Breite Unterstützung gegen Hephata-Vorstand

Kündigung: Protest mit offenem Brief

Fritzlar. Die Proteste gegen die fristlose Kündigung der früheren Leiterin der sozialpsychiatrischen Wohneinrichtung von Hephata in Fritzlar, Annemarie Fießler, gehen weiter.

Inzwischen wurde ein Offener Brief an den Vorstand und den Aufsichtsrat des Hessischen Diakoniezentrums Hephata in Schwalmstadt verfasst, in dem der Vorstand letztlich gebeten wird, die Entscheidung des Arbeitsgerichts zu akzeptieren. Das hatte die fristlose Kündigung im Juli für unwirksam erklärt, Hephata jedoch Berufung dagegen eingelegt und eine zweite Kündigung ausgesprochen.

Über 30 Menschen aus Fritzlar und dem gesamten Schwalm-Eder-Kreis haben den Offenen Brief unterschrieben und fordern auch den Aufsichtsrat von Hephata auf, alles zu tun, um weiteren Schaden von Hephata und der Mitarbeiterin Annemarie Fießler abzuwenden.

Unterzeichner sind Ärzte und Pädagogen von Ingrid Gromotka bis Barbara List, Vertreter der evangelischen Kirchengemeinde Fritzlar wie Hilmar Liese und Christian Seyffarth, aber auch politischer Parteien wie Mario Jung (SPD Fritzlar) und Ehrenstadträtin Friedgard Trosse (CDU).

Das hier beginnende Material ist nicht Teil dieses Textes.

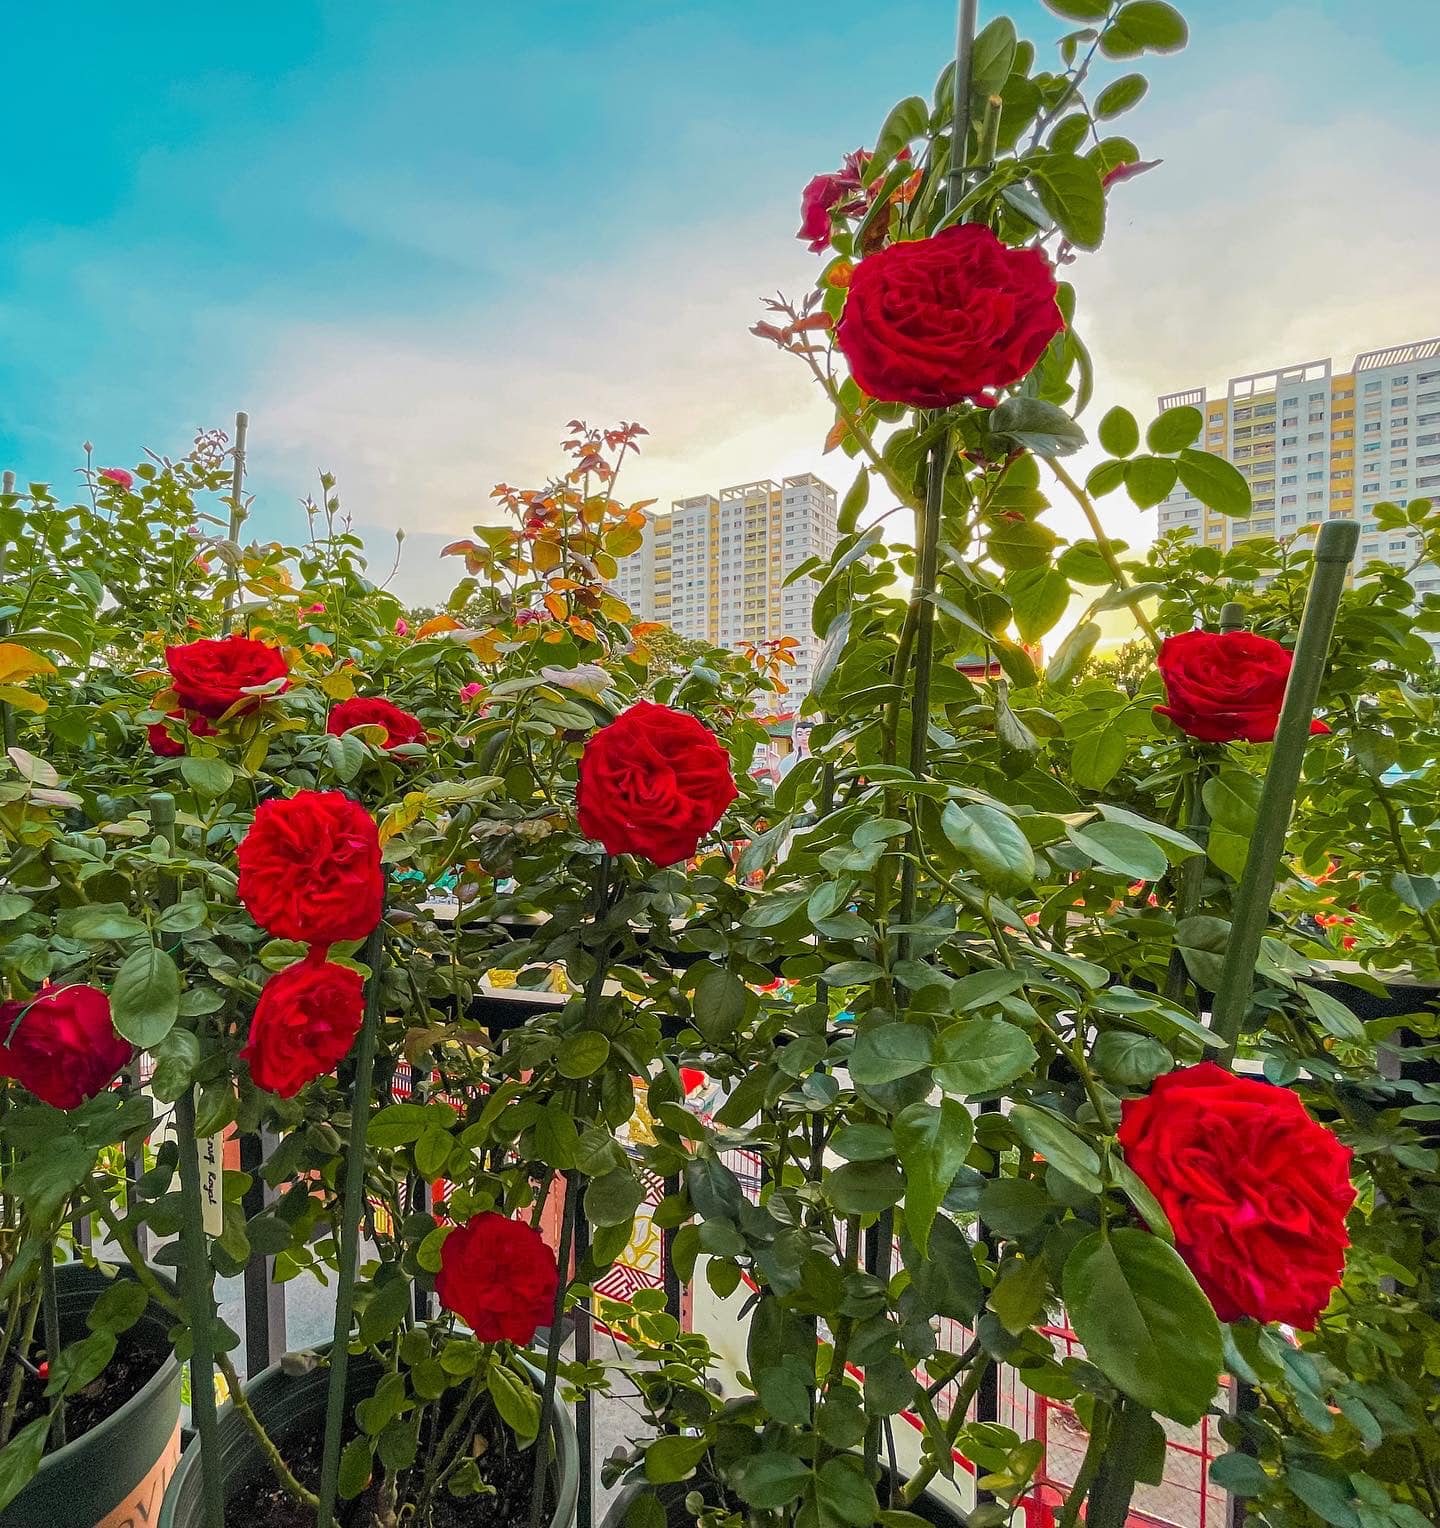 Khu vườn hoa hồng đẹp ngây ngất trên sân thượng ở TP HCM - Ảnh 6.

In dem Offenen Brief wird der Fall nochmals geschildert (wir berichteten). Der Leiterin der Sozialpsychiatrie war vorgeworfen worden, „Arbeitszeitbetrug“ begangen zu haben. Es sei dabei um etwa 20 Arbeitsstunden gegangen.

„Diakonie und Kirche wird durch das Verhalten Hephatas ein großer Schaden zugefügt“, heißt es in dem Schreiben weiter, und: „Frau Fießler hat Liebe gegeben und Liebe ausgestrahlt“. Der Brief ist in voller Länge auf der Internetseite von Openpetition zu lesen, zu finden unter der Adresse zu.hna.de/openpetition1.

Dort kann man auch die Petition „Gegen Mobbing - Hilfe für Anne Fießler“ unterstützen. Die Petition steht noch knapp 60 Tage auf der Seite, eine Begründung für das Begehren steht doch ebenfalls.

Die Gruppe, zu der auch der Jurist Erich Gerhold gehört, hat außerdem eine Unterschriftensammlungen gegen die Kündigung und den Umgang mit Annemarie Fießler gestartet.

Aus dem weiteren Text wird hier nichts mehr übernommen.